Nitric oxide and proinflammatory cytokines in nasal lavage fluid associated with symptoms and exposure to moldy building microbes.

Author information

1
Division of Environmental Health, National Public Health Institute, Kuopio, Finland. Maija-Riitta.Hirvonen@ktl.fi

Abstract

Epidemiological data indicate that living or working in a moldy building is associated with increased risk of respiratory symptoms and disease related to inflammatory reactions, but biochemical evidence linking cause and effect is still scarce.
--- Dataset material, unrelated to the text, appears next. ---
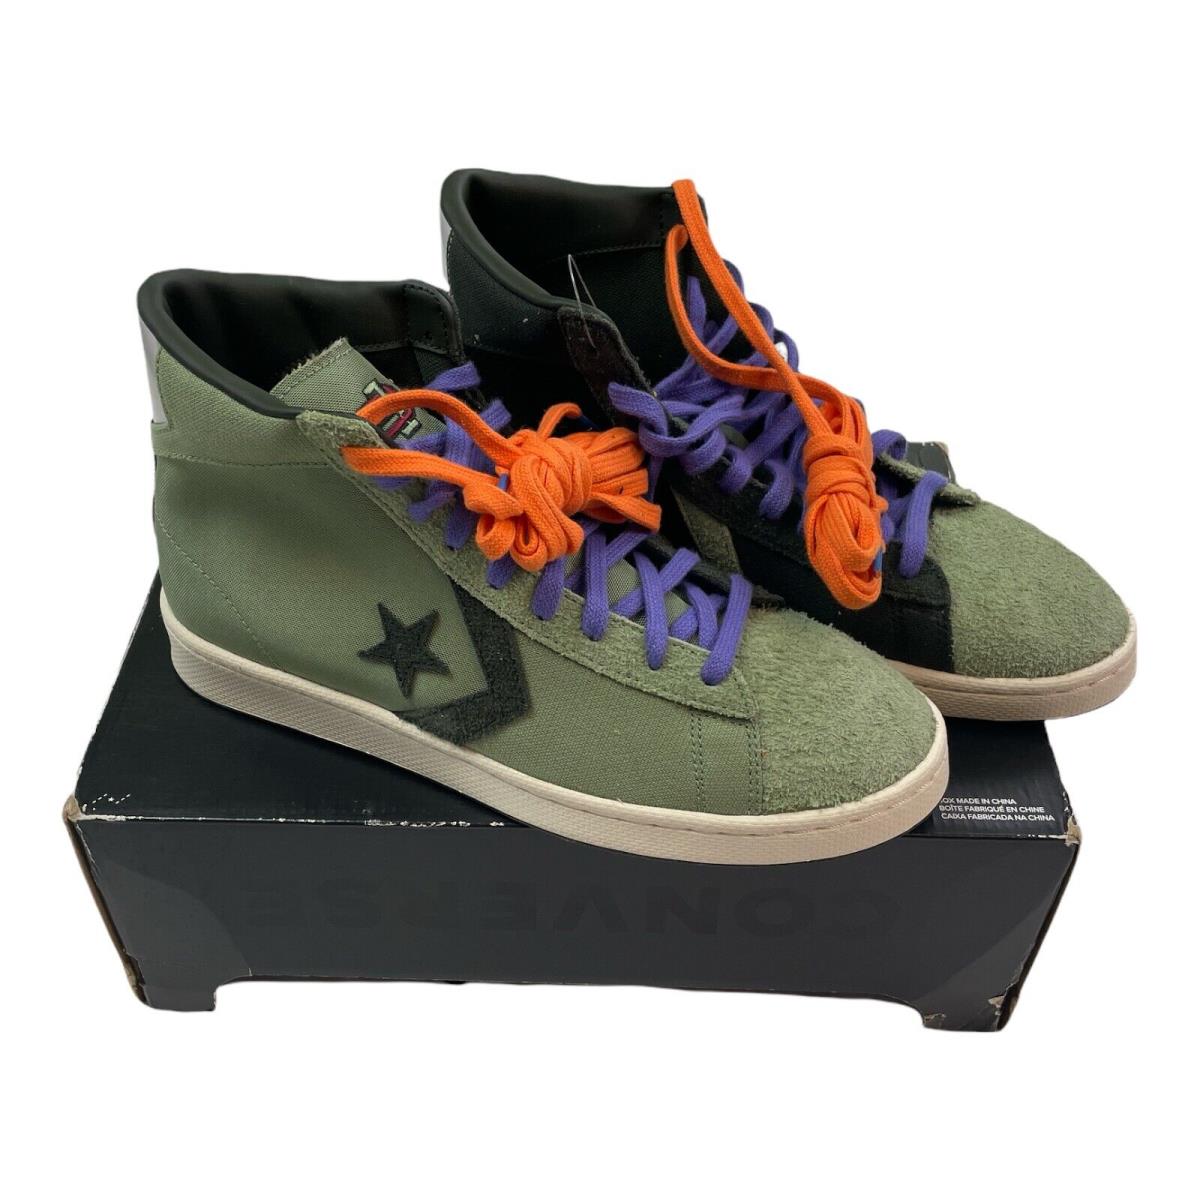 Converse Men`s Pro Leather Bhm Oil Green Sequoia Egret Shoes Size 9 168273C - Green

The staff working in a mold-contaminated school, and a reference group without such exposure, were studied. Nasal lavage was performed and health data were collected with a questionnaire at the end of the spring term, after a 2.5-mo summer vacation, and at the end of the fall term. Here we show that concentrations of tumor necrosis factor alpha (TNF-alpha), interleukin-6 (IL-6), and nitric oxide (NO) in nasal lavage fluid were significantly higher in the exposed than in the control subjects at the end of the first exposure period. These inflammatory mediators decreased to reference group concentrations during the period when there was no exposure and the production of NO and IL-6 increased again during the reexposure in the fall term. Reports of cough, phlegm, rhinitis, eye irritation, and fatigue paralleled the changes in the measured inflammatory markers. These results point to an association between inflammatory markers in the nasal lavage fluid, the high prevalence of respiratory symptoms among the occupants, and chronic exposure to molds in the indoor environment.

PMID:
10588610
DOI:
10.1164/ajrccm.160.6.9903023
[Indexed for MEDLINE]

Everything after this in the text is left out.